Financing infrastructure and R&D in Brazil

Among the various measures taken by the Brazilian government to stimulate investments in infrastructure and research and development projects, one of them refers to issuance of debt securities to raise funds for such investments, which may be issued as debentures or any other type of securities admitted in Brazilian legislation (Capex Debentures).

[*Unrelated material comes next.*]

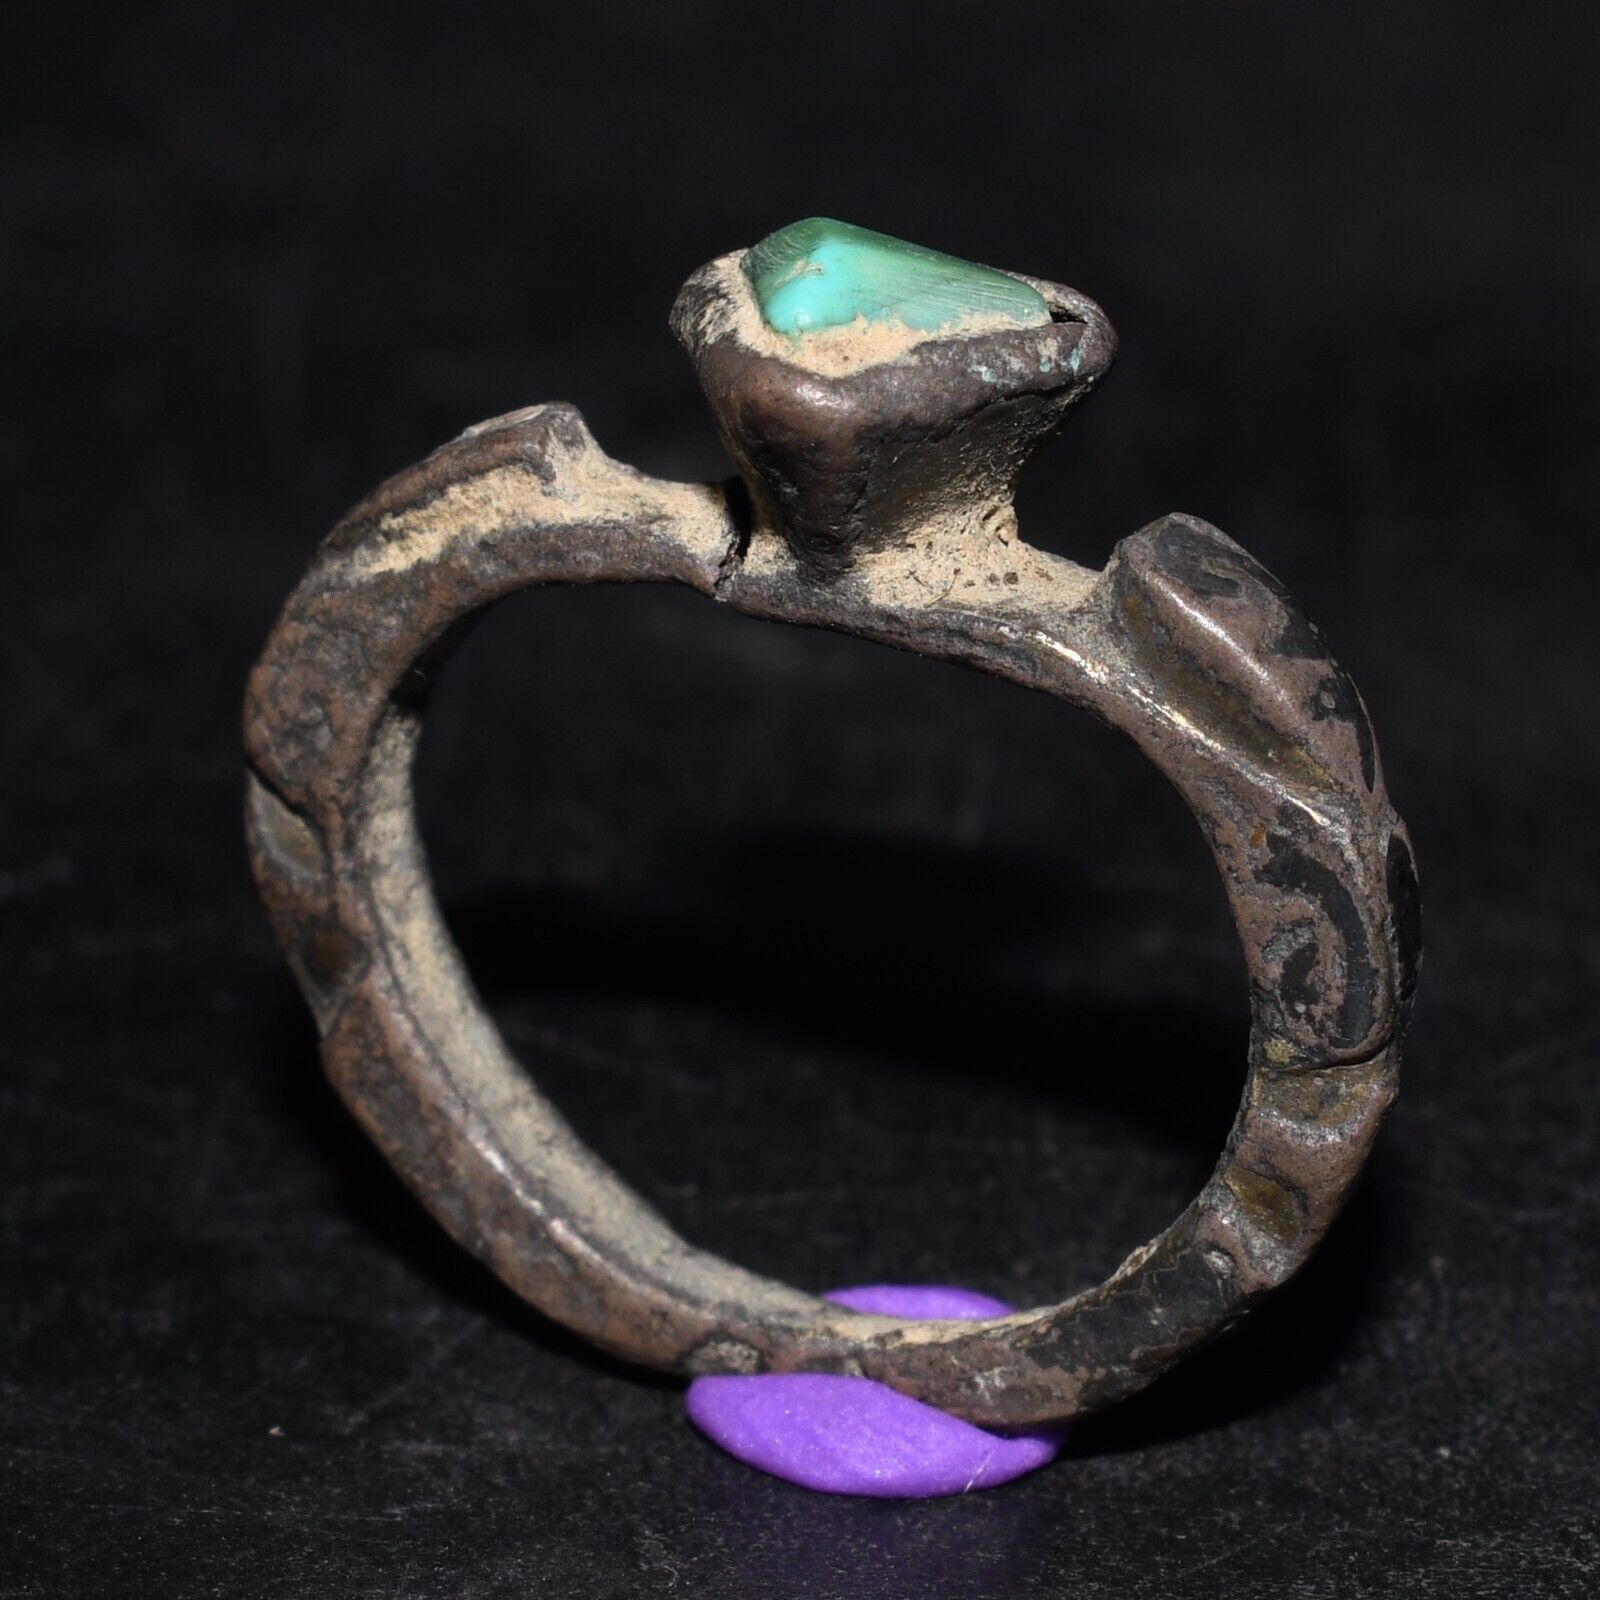 Genuine Ancient Roman Mix Silver Ring with Triangle Turquoise Bezel 1st Century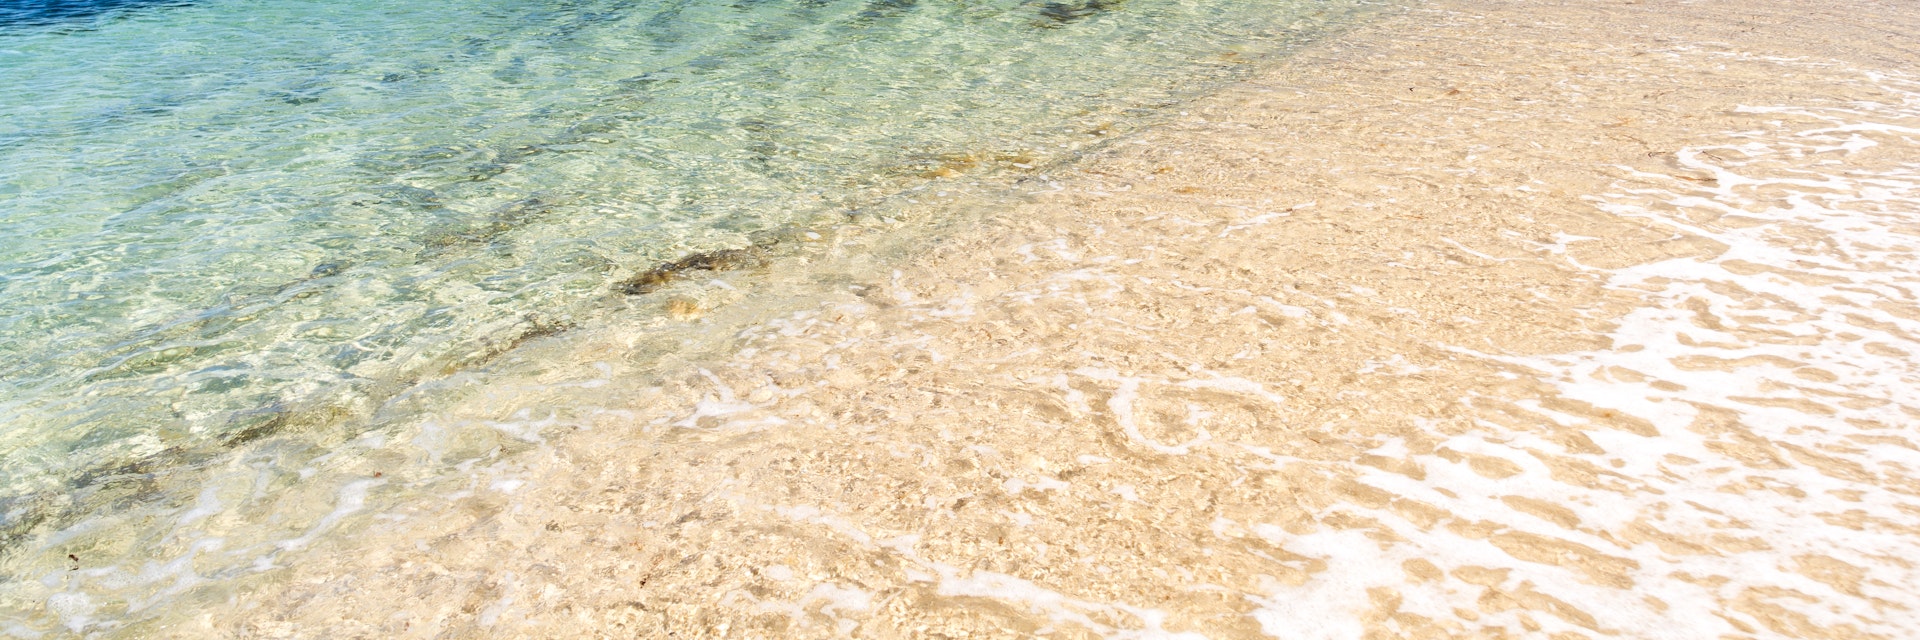 Crystal clear water on Pampelonne beach near Saint Tropez in south France.

Capex Debentures must comply with the following conditions: (a) subject to public distribution; (b) fixed interest rates linked to price index or Brazilian referential rate; (c) prohibition to renegotiate interest rates; (d) average maturity of more than four years; (e) prohibition for the issuer or any related party to repurchase or redeem the securities during the first two years; (f) prohibition for the buyer to assume any repurchase commitment; (g) payment of coupons with intervals of at least 180 days; (h) evidence of registration of such debentures with official registration system based on Central Bank or Brazilian Securities and Exchange Commission (CVM); and (i) a simplified procedure to evidence the commitment to allocate the raised funds in the future payment of expenditures with the investment projects, including those related to research, development and innovation. If the issuer fails to comply with the investments, there is a penalty of 20% on the total amount raised.

By complying with these rules, the Capex Debentures are subject to special tax rules for foreign investors that do not reside in a tax haven jurisdiction, as long as such foreign investors get registered under the 2,689 Regulations with the Brazilian Central Bank and the CVM (those investors will then be known as 2689 Investors).

Upon inflow of funds, 2689 Investors are subject to zero Tax on Foreign Exchange Transactions (IOF/ FX). If they were investing in normal fixed income securities, there would be a 6% IOF/FX. In addition, zero rate also applies on the outflows of funds. The rates of IOF/FX may be changed at any time by the President, up to a maximum of 25%.

With regards to withholding income tax, the rate is reduced from 15% to zero on all income distributions by the issuer of Capex Debentures to 2689 Investors. In case of Brazilian resident individuals, the applicable rate is also zero, and in case of a Brazilian company, the applicable withholding income tax is 15%. In case of beneficiary resident in a tax haven jurisdiction, the applicable rate is 25% – Brazil adopts the blacklist system to determine whether or not a jurisdiction should be considered as tax haven.

It is interesting to note that, once the issuer complies with the conditions to issue the debentures, if the issuer fails to use the funds properly on infrastructure and/or R&D projects, the issuer is punished with a 20% penalty; there are no adverse consequences to the foreign investors, as the actual use of the funds is not something that is under the investors' control.

Finally, the public distribution may be performed in a simplified manner as established by CVM Instruction no. 476, which establishes a procedure for the issuance of debentures to qualified investors. Provided that certain requirements are met, especially a limited distribution effort (in which no more than 50 investors may be contacted and only 20 may actually make the investment), an offering of the so-called debentures 476 are exempted from registration with the CVM.